--- PROBLEM ---
An exact retyping of all lines below is the answer; pictures do not belong in it.

--- THE DATA ---
■ ■ ■ ■

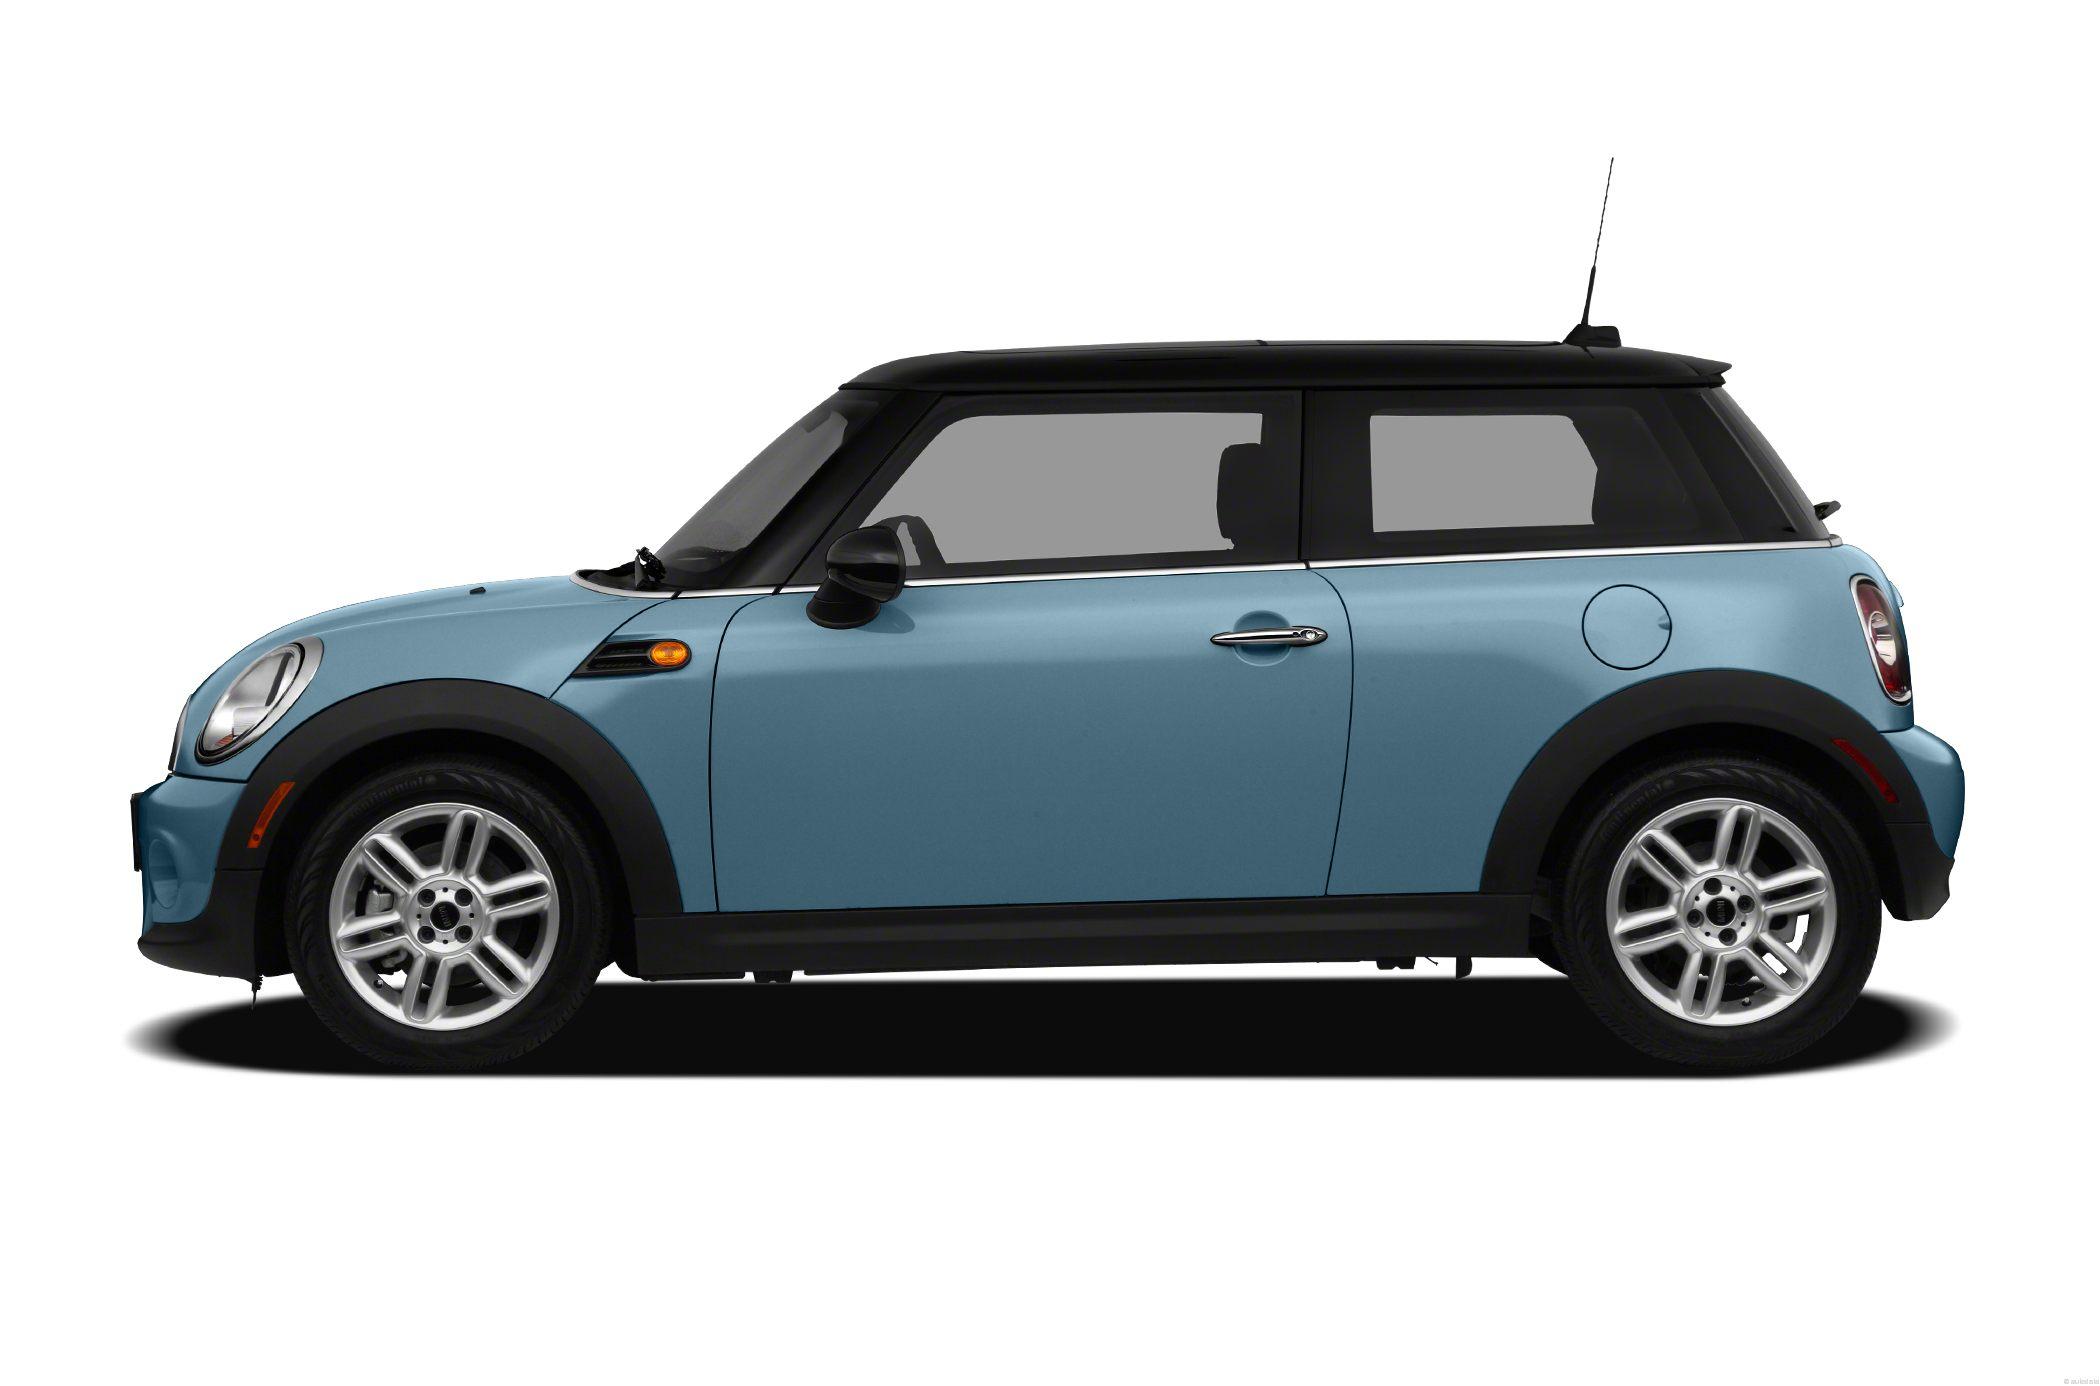 Mini Car Prices 4 Car Desktop Background
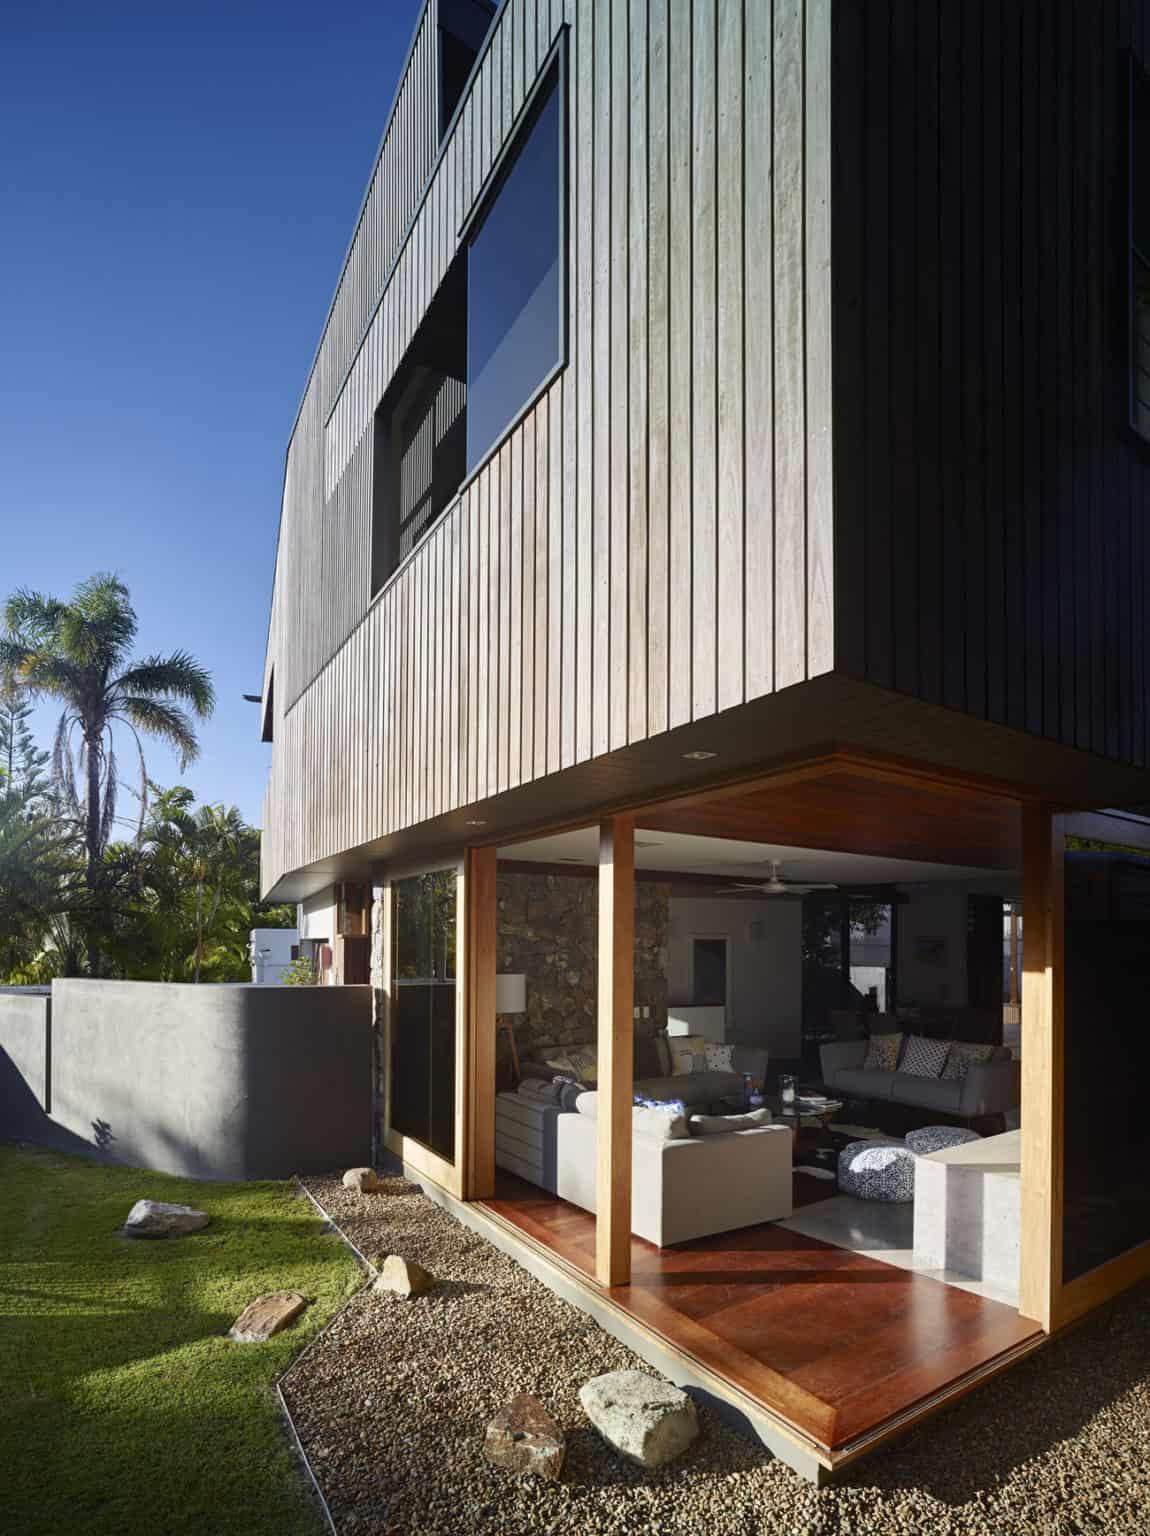 Sunshine Beach House by Shaun Lockyer Architects (3)
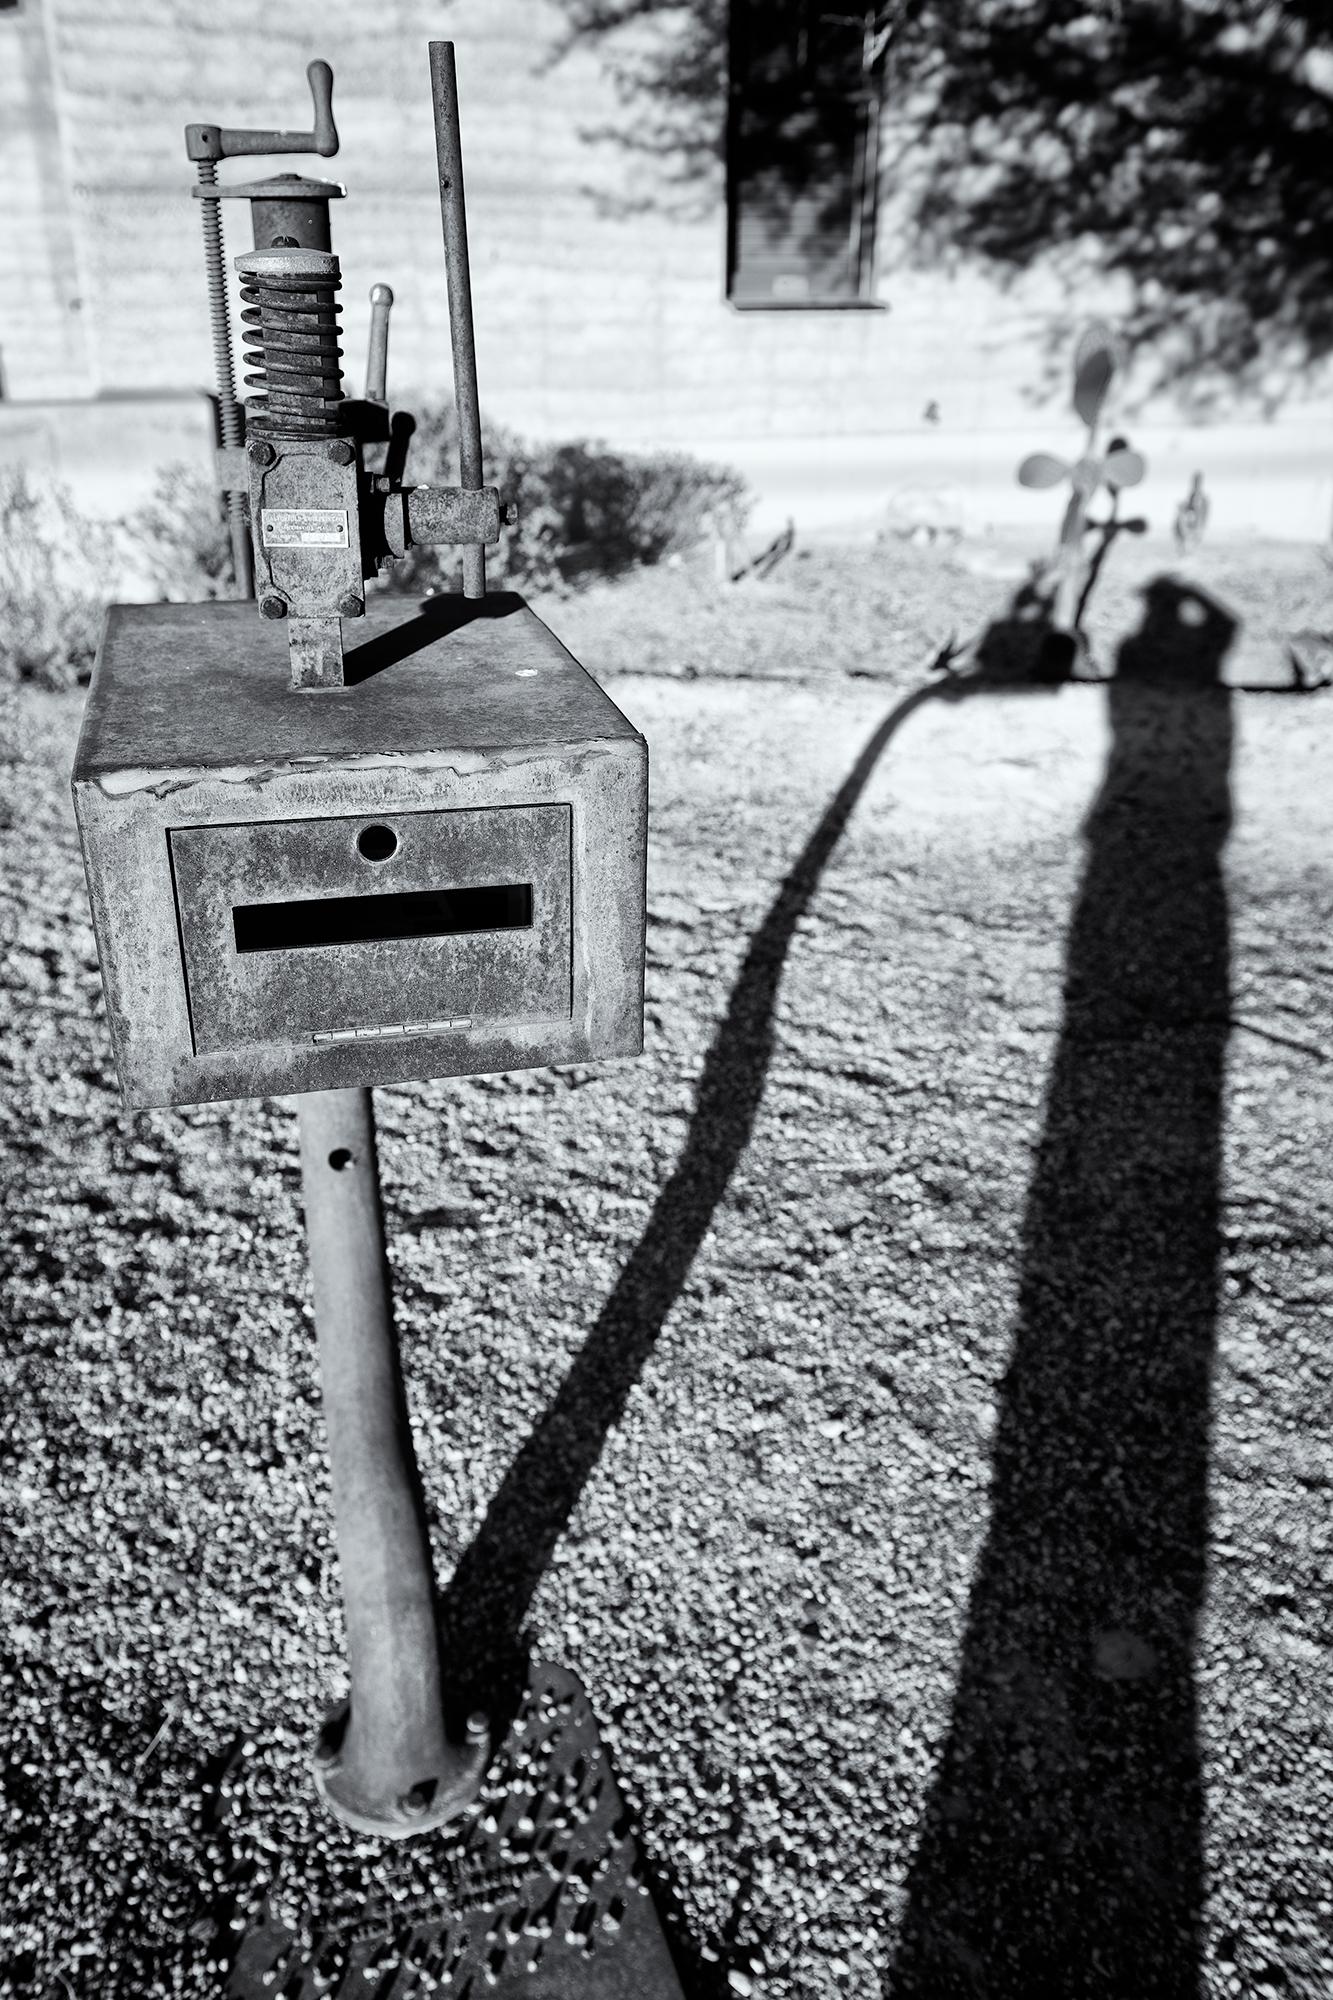 Maibox Photographer. Tucson, Arizona, 2015

■ ■ ■ ■

--- REPLY TO THE EXERCISE ---
 Mini Car Prices 4 Car Desktop Background
 Sunshine Beach House by Shaun Lockyer Architects (3)
 Maibox Photographer. Tucson, Arizona, 2015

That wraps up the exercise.